**What is being asked**
Each line from the one with "MarioKart GIFs" through the last line below must be written out exactly. Do not copy pictures.

**Information supplied**
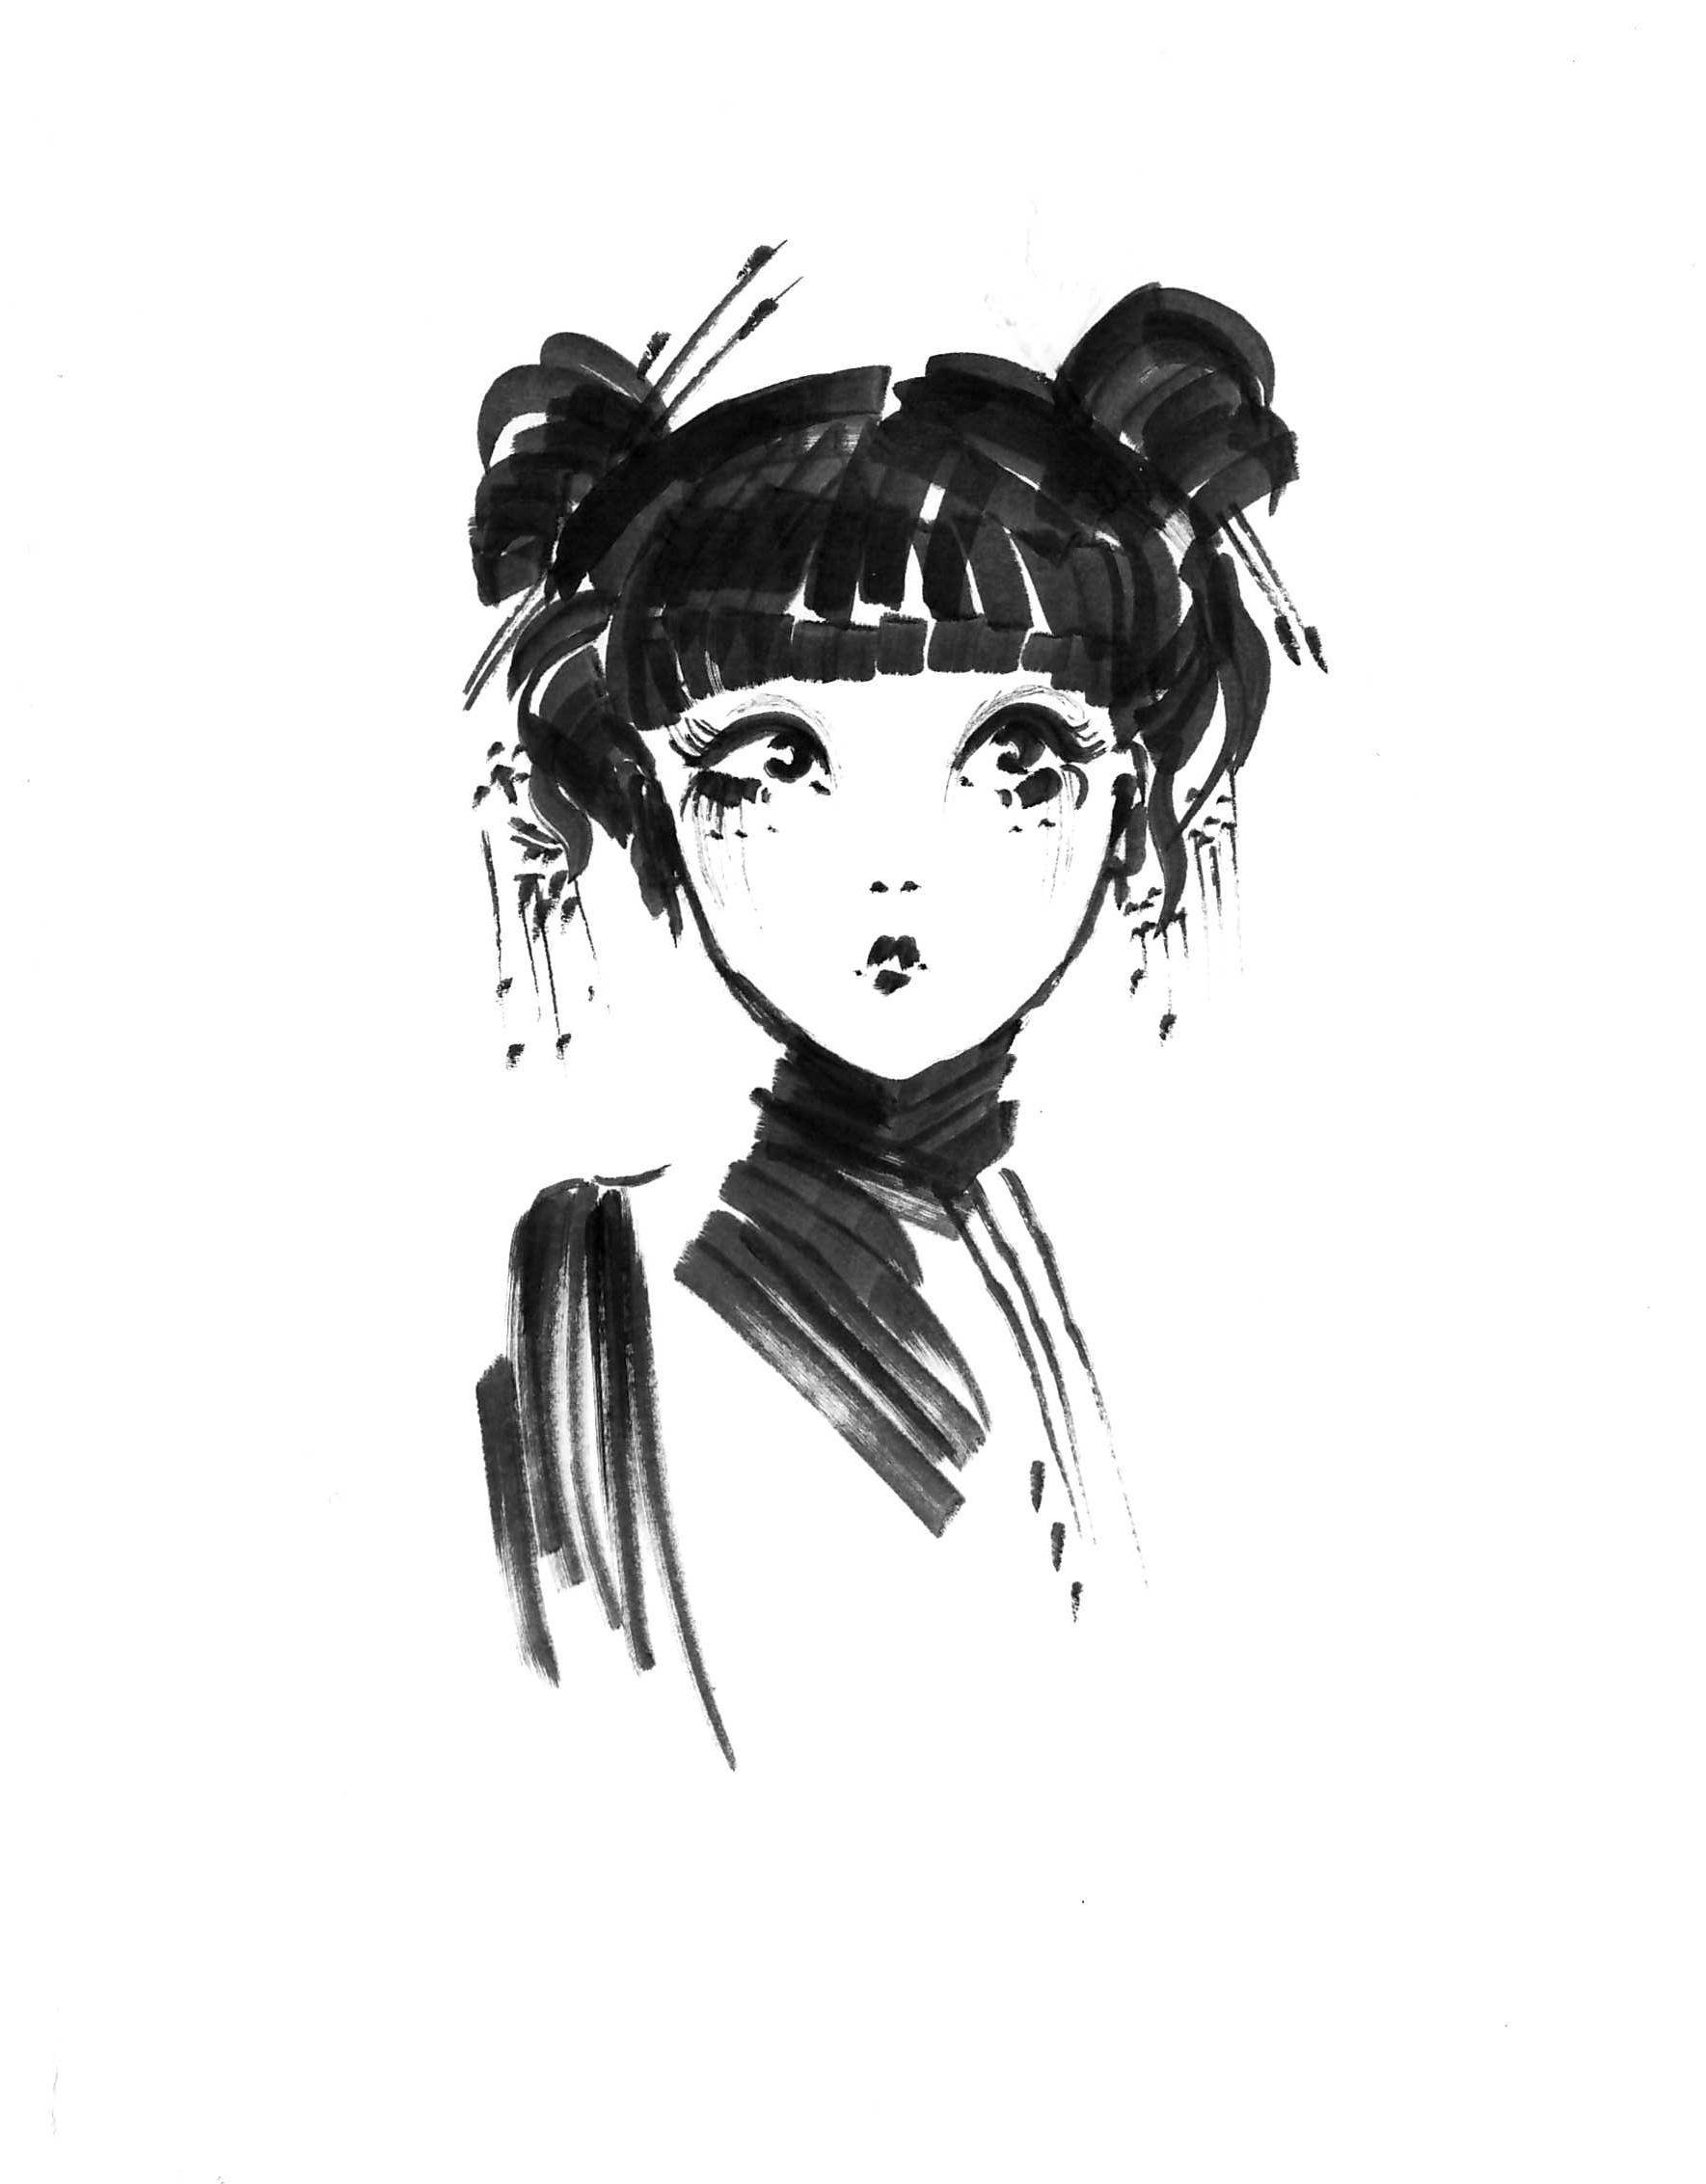 Fashion Illustration Draw Art Japanese Kimonogirl Faces Hairstyle Ink Sketch Japan Arty Art Japan Art Drawings
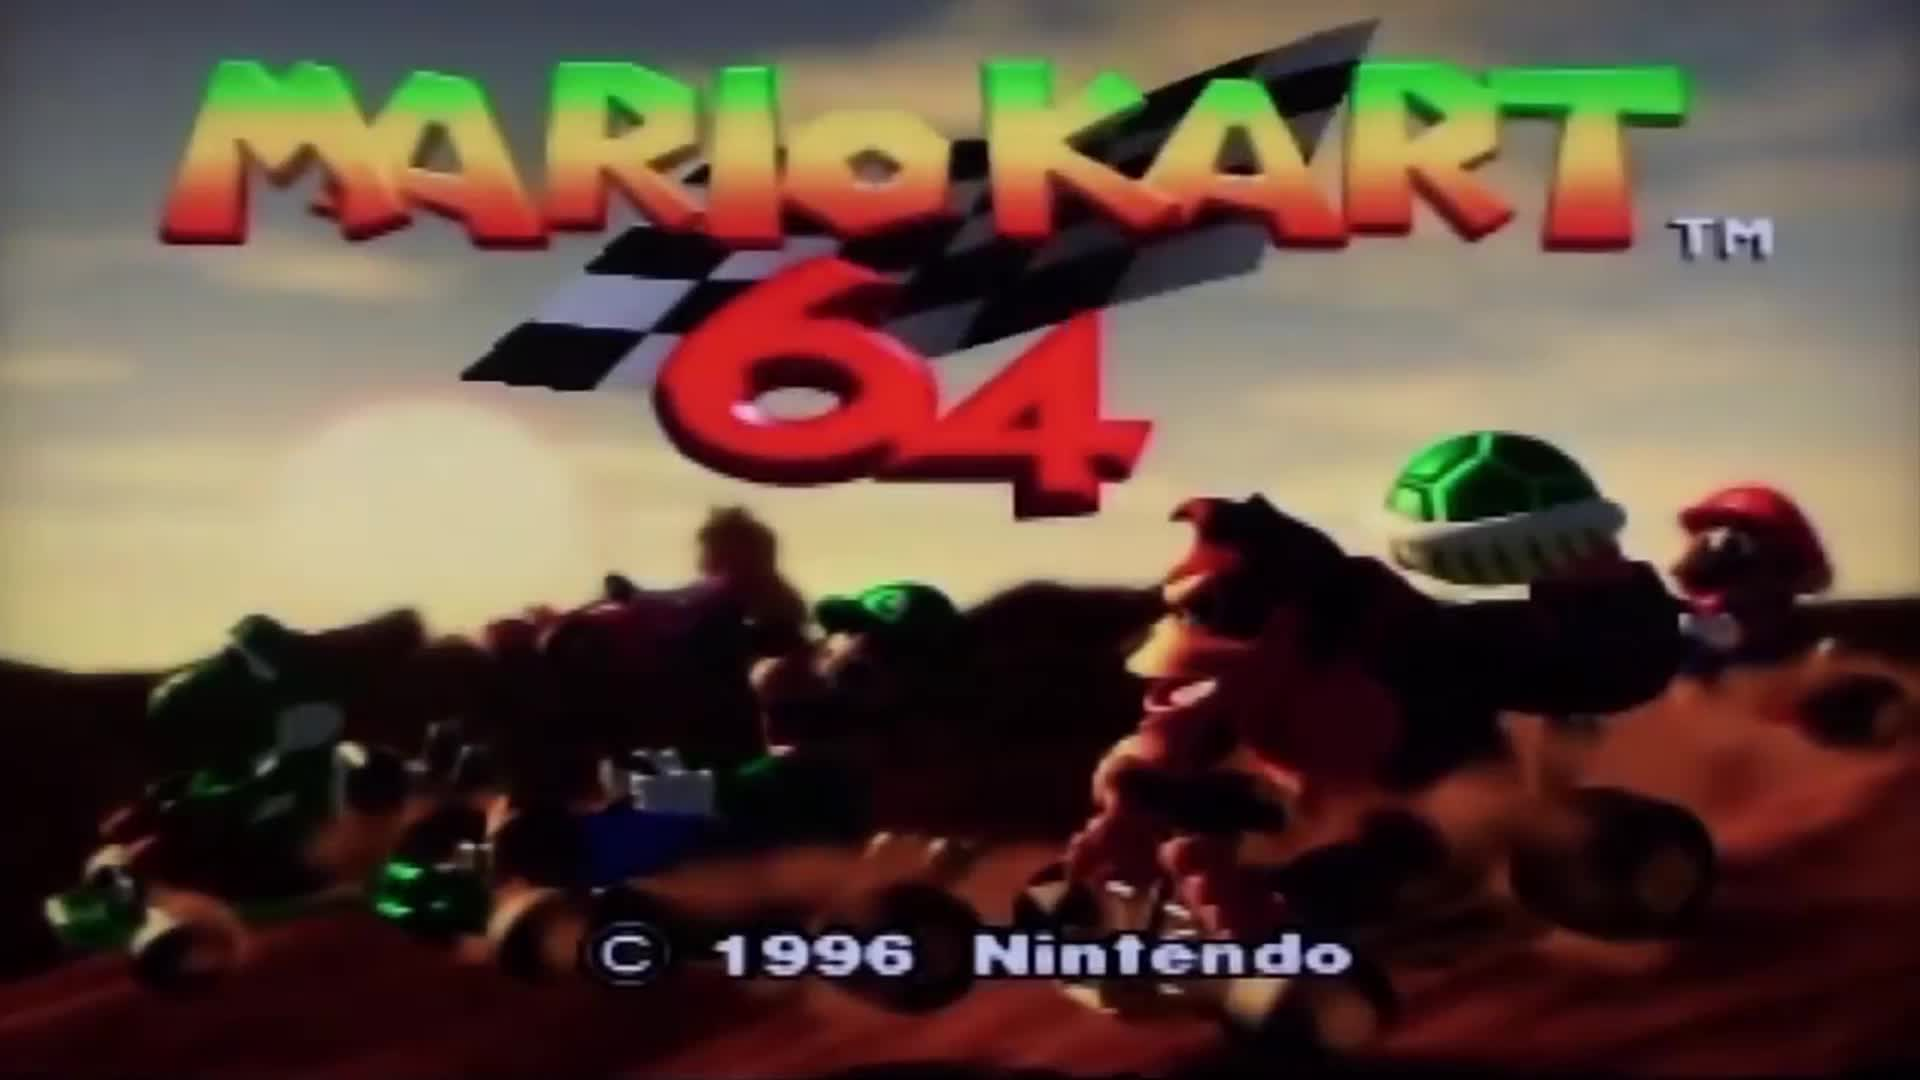 MarioKart GIFs
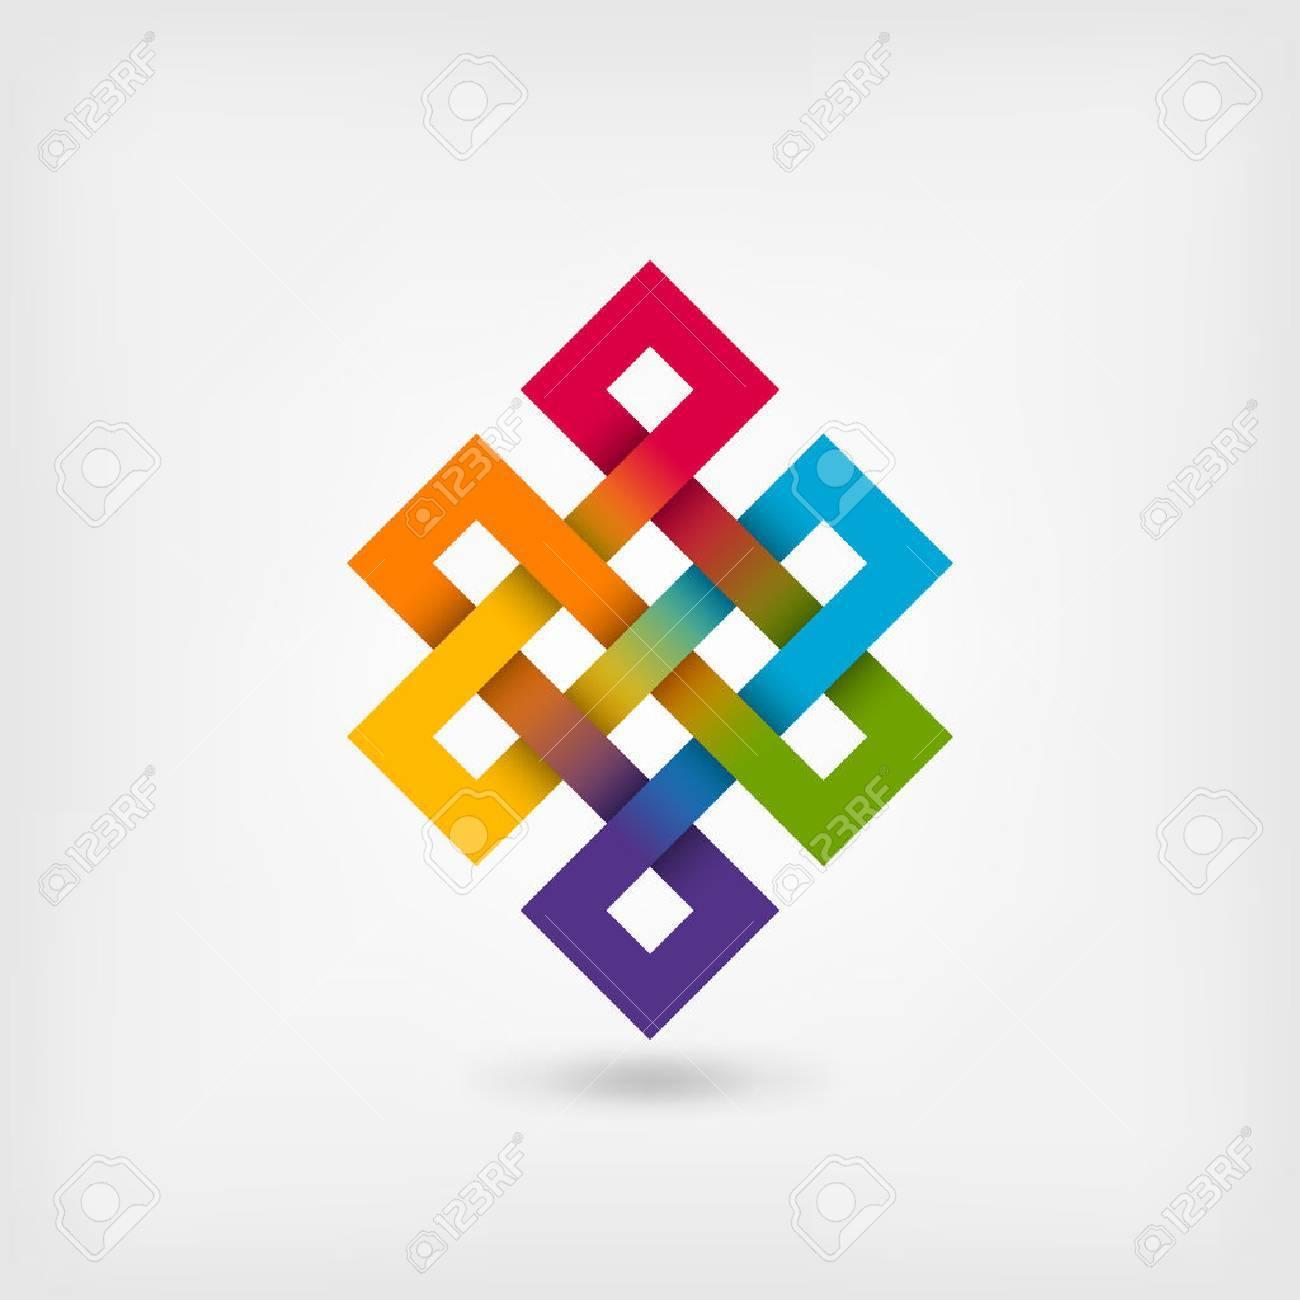 Shrivatsa endless knot in rainbow colors. vector illustration - eps 10 - 77255316

**Final answer**
 MarioKart GIFs
 Shrivatsa endless knot in rainbow colors. vector illustration - eps 10 - 77255316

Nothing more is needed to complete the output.